How to Make Turkey Stock
Tips & Techniques: How to Make Turkey Stock
- 2 turkey necks
- 2 turkey back bones
2 tbsp Saica Sicilian Extra Virgin Olive Oil
- 1 large yellow onion, diced
- 2 carrots, diced
- 2 stalks celery, diced
- 1/2 bulb fennel, sliced
- 1 leek, sliced
- 1 bunch parsley stems
- 4 sprigs thyme
- 1 sprig sage
- 1 bay leaf
2 tbsp Jacobsen Salt Co. Tellicherry Black Peppercorns
Jacobsen Salt Co. Kosher Sea Salt, to taste
- Cut the backbone and neck into 3 pieces each. Preheat a stock pot over high heat. Put a couple of tablespoons of oil in the stock pot. Sear the neck and back bone pieces in the hot oil, turning until browned on all sides. Remove from the pot.
- Add the onion, carrots, celery, fennel and leeks to the pot.

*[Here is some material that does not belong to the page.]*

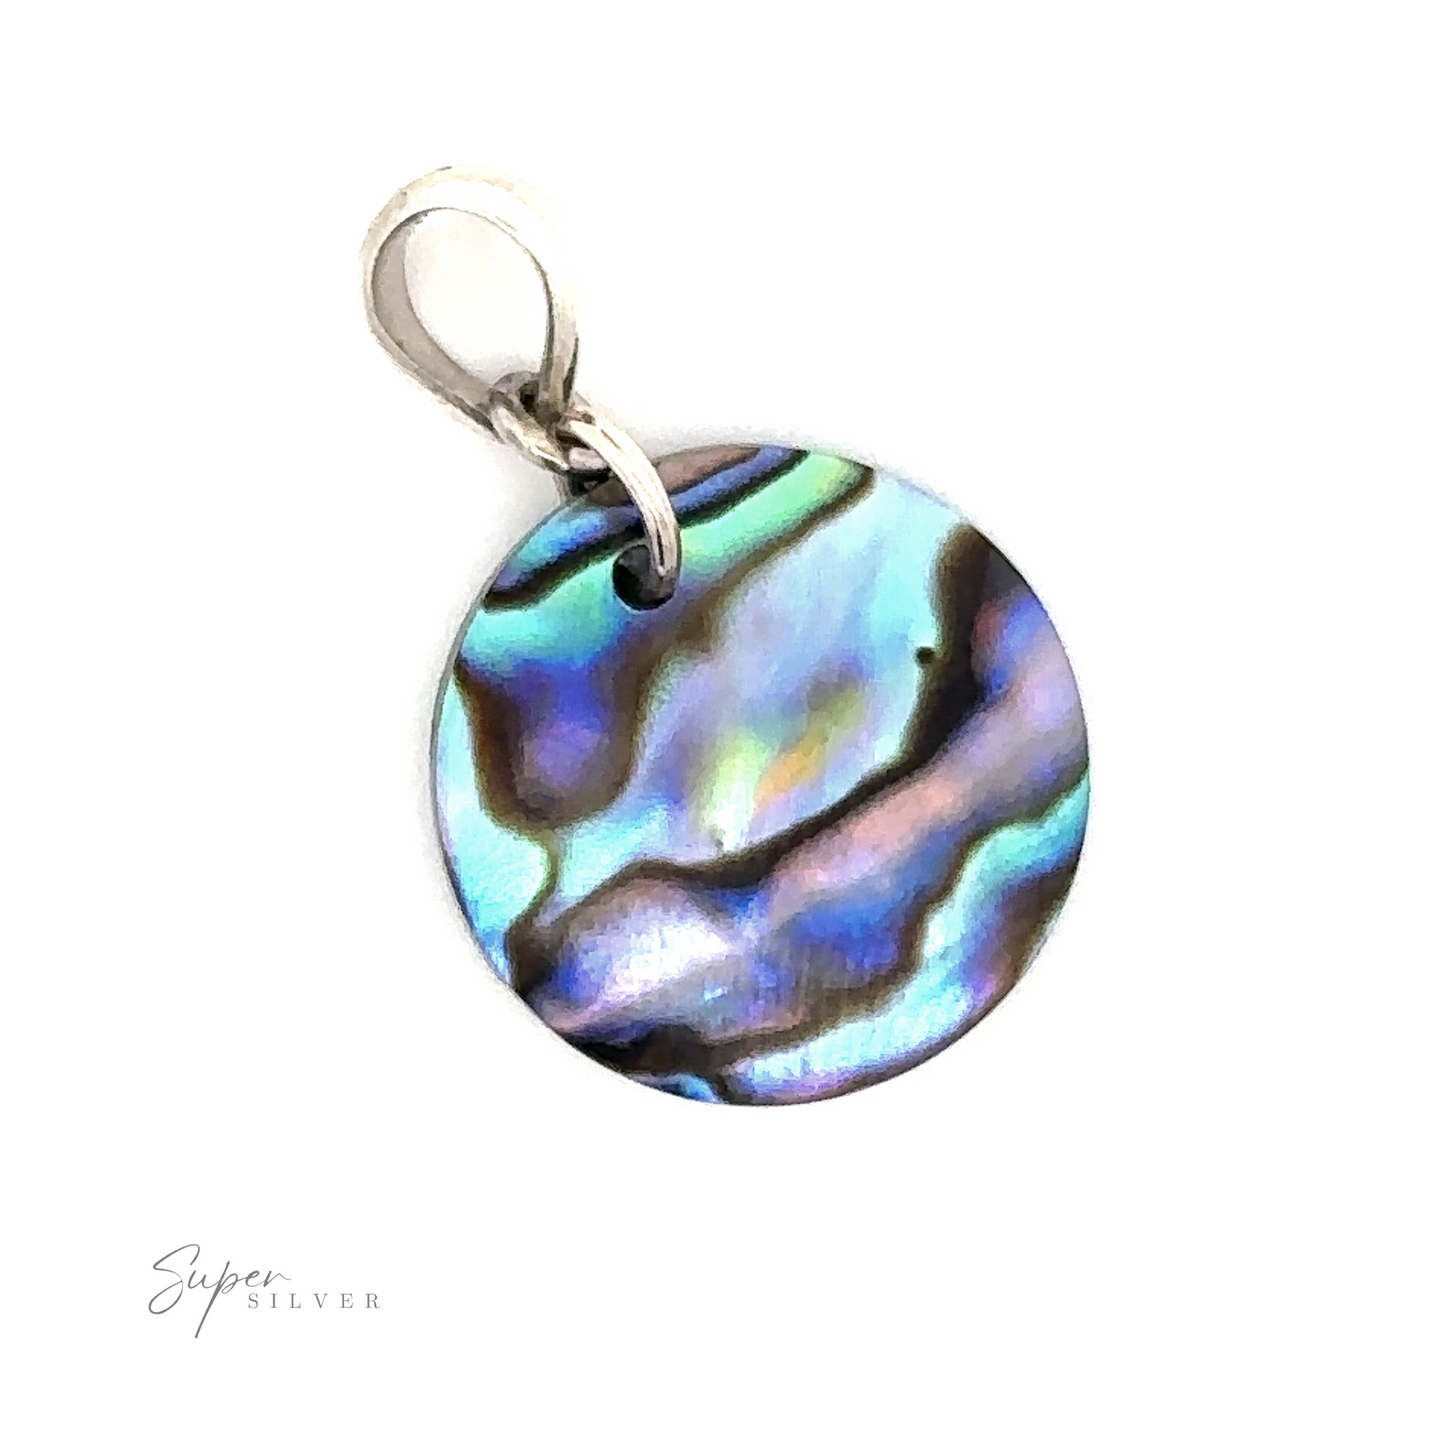 
                  
                    A round Charming Abalone Pendant with a metallic loop, displaying iridescent blue, green, and purple hues on a white background. An exquisite piece of ocean-inspired jewelry, it boasts the text "Super Silver" on the bottom-left corner.

Cook, scraping the bottom of the pan with a wooden spatula, until all of the browned fond on the bottom of the pot is released from the pot and the veggies are softening and beginning to brown at the edges.
- Add the neck and back bone back to the pot, along with the remaining ingredients. Cover with one gallon of cold water. Bring to a gentle simmer. Cook until reduced by half.
- Strain the stock through a fine mesh strainer. Discard the solids. Refrigerate the liquid.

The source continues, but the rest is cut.